GPCRs and Ric‐8A Both Regulate the RGS14:Gαi1 Complex

Like other Regulators of G protein Signaling (RGS) proteins, RGS14 acts as a GTPase accelerating protein (GAP) to terminate Gαi/o signaling. However, unlike other RGS proteins, RGS14 also contains a GPR/GoLoco domain that binds Gαi1/3‐GDP in cells and in vitro . The non‐receptor guanine nucleotide exchange factor (GEF) Ric‐8A is then able to recognize and act on this RGS14:Gαi1 complex to play a role in unconventional G protein signaling independent of G protein‐coupled receptors (GPCRs). Here we provide evidence that RGS14 may form Gαi‐dependent complexes with GPCRs, and that these complexes are regulated by Ric‐8A. Using live cell bioluminescence resonance energy transfer (BRET), we show that RGS14‐Luc exhibits specific and saturable BRET with the α 2A ‐adrenergic receptor‐Venus (α 2A ‐AR‐Venus) in a Gαi1‐dependent manner.

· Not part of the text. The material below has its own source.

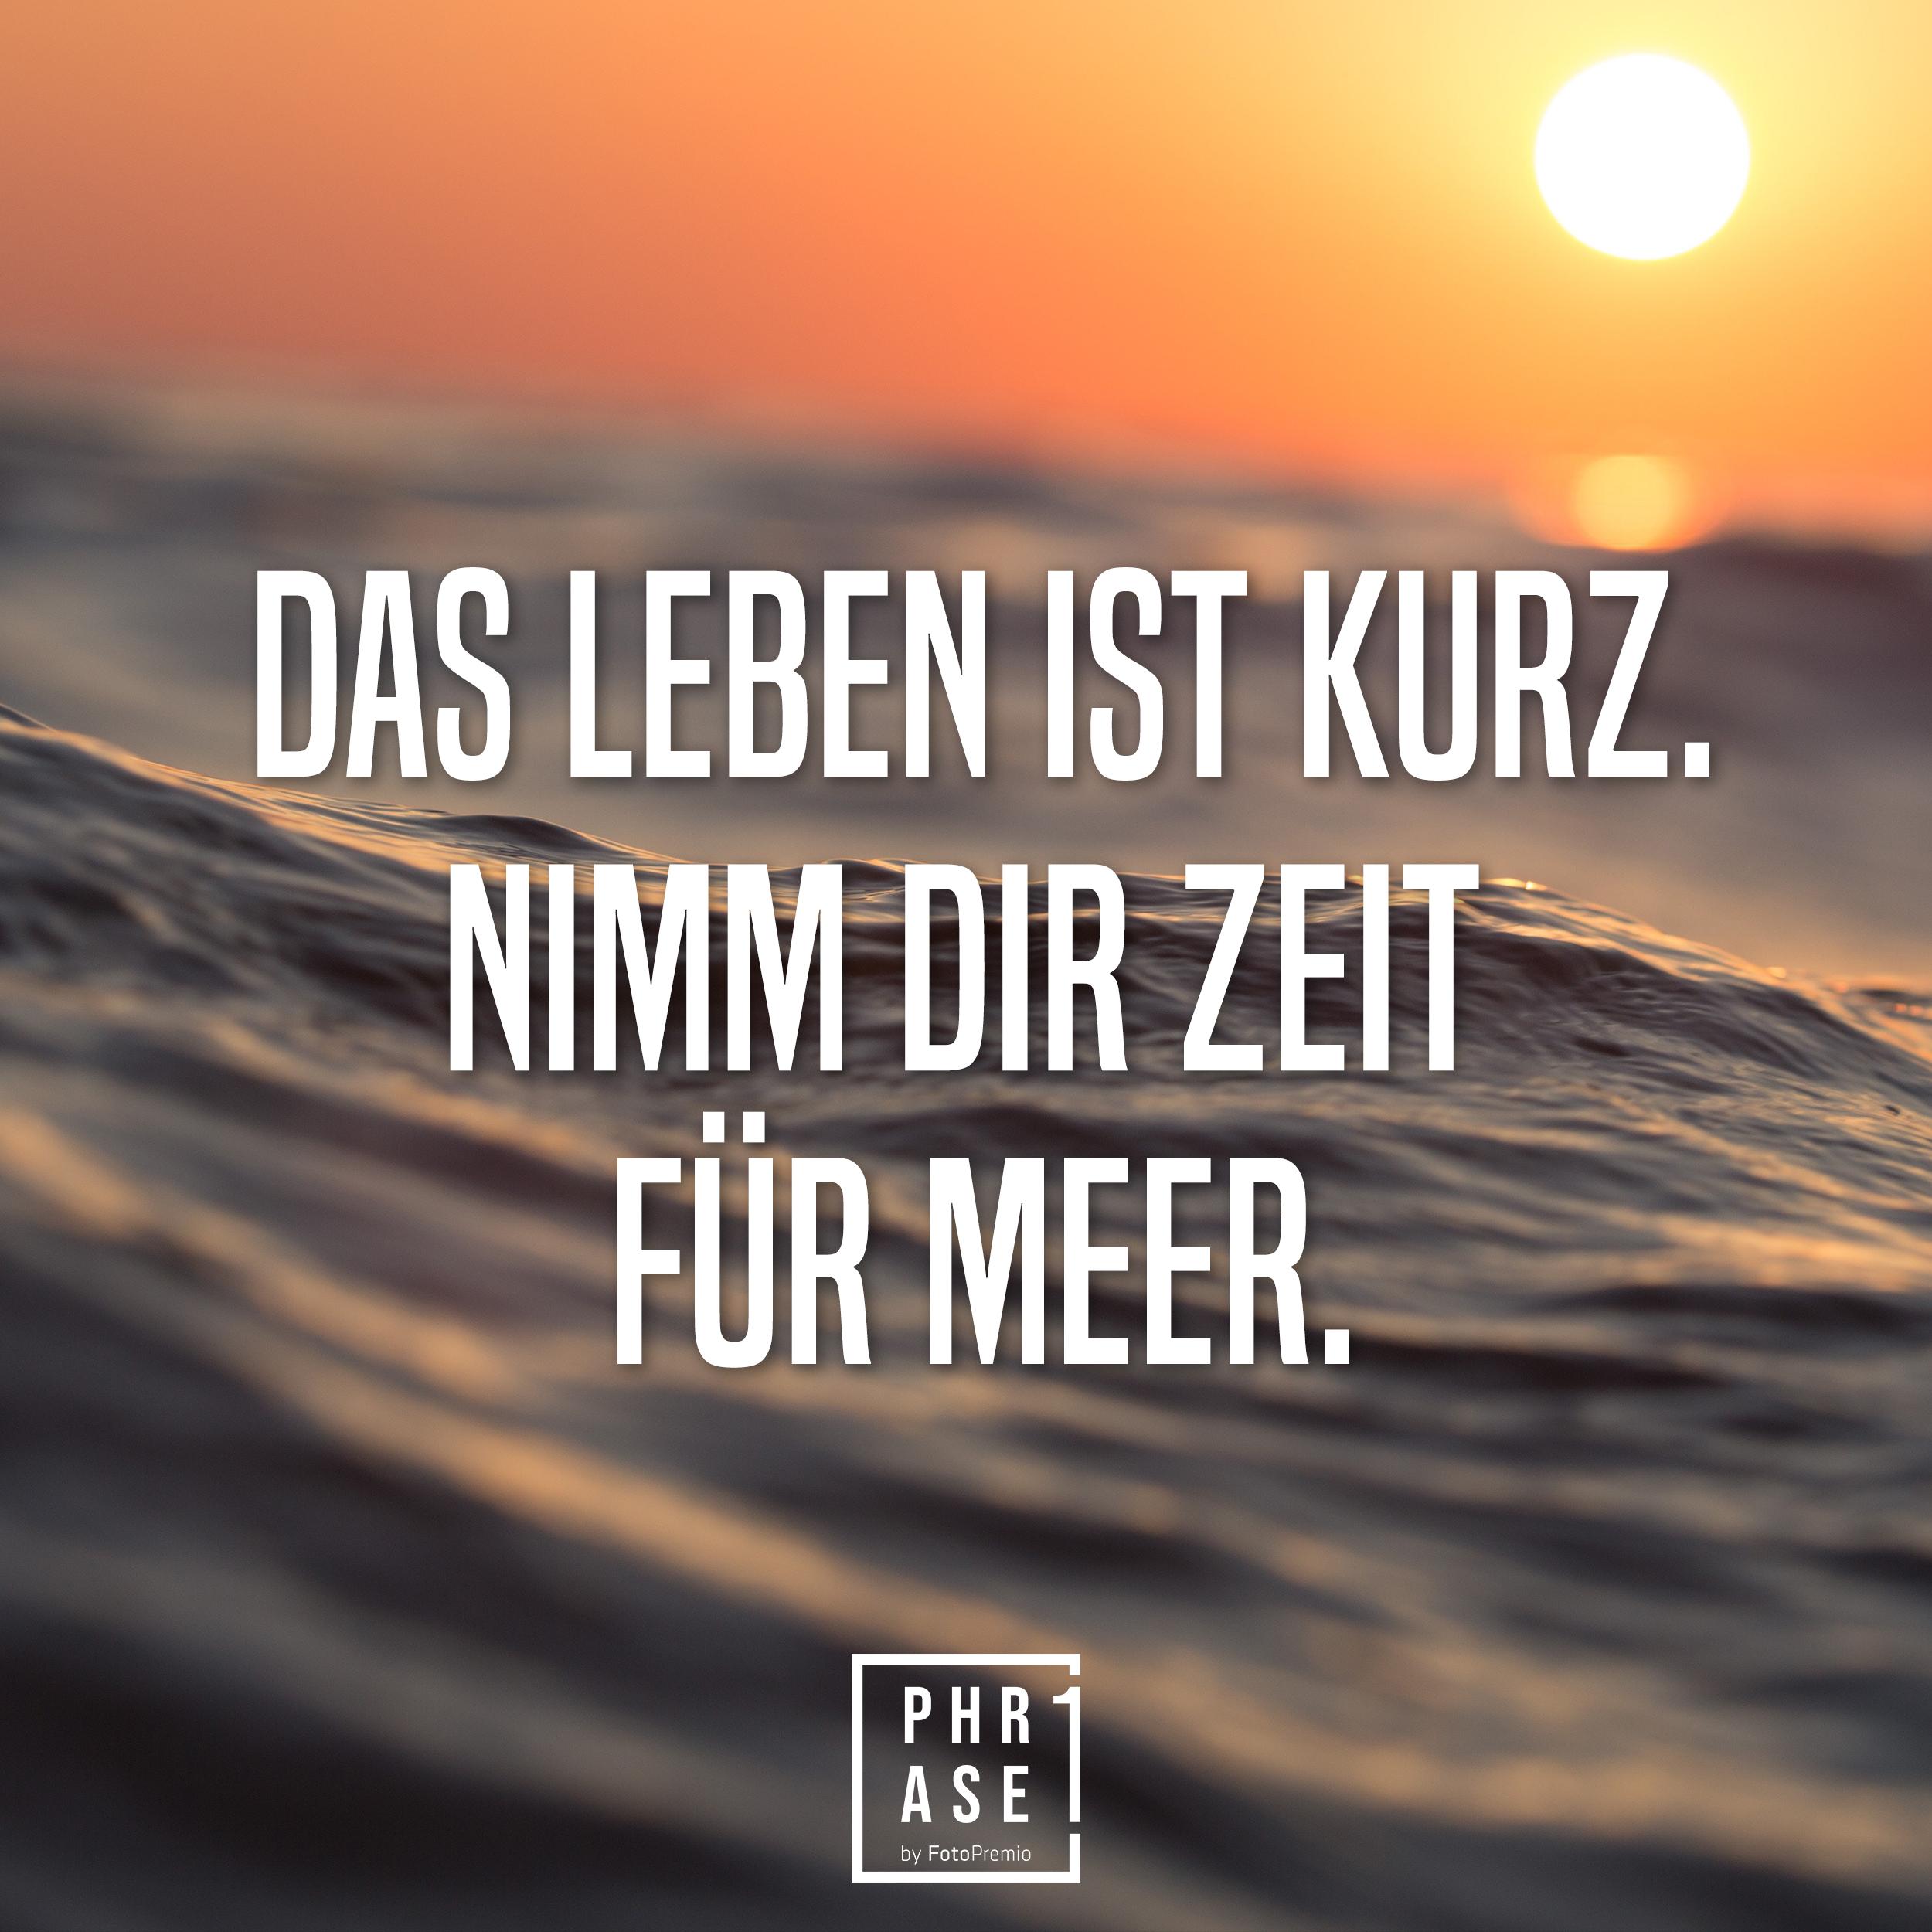 Das leben ist kurz. Nimm dir Zeit für Meer.
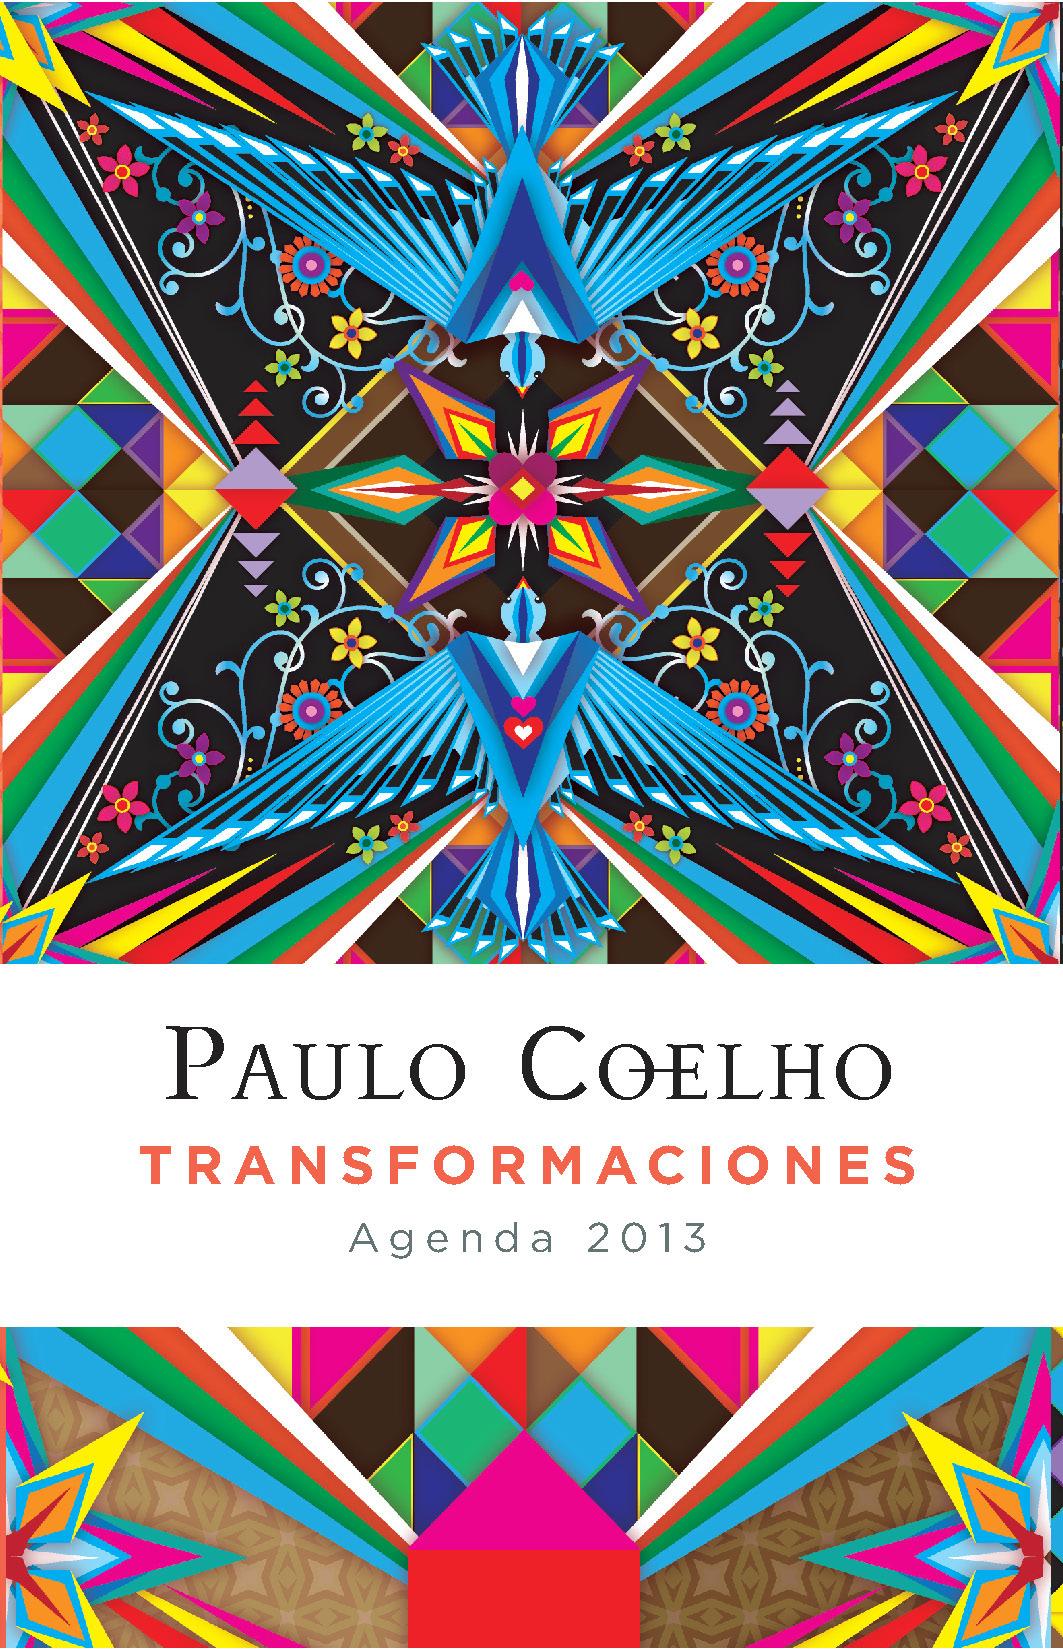 Transformaciones (agenda 2013) (productos papelería paulo coelho); paulo coelho

A reduction in RGS14‐Luc:α 2A ‐AR‐Venus BRET is observed upon receptor stimulation by the agonist UK14304. Ric‐8A enhances the agonist‐induced increase in the dissociation of the RGS14:α 2A ‐AR complex in the presence of Gαi1. Together, these findings indicate that RGS14:Gαi1 complexes may associate with and be regulated by GPCRs, and that these complexes may be substrates for other signaling partners.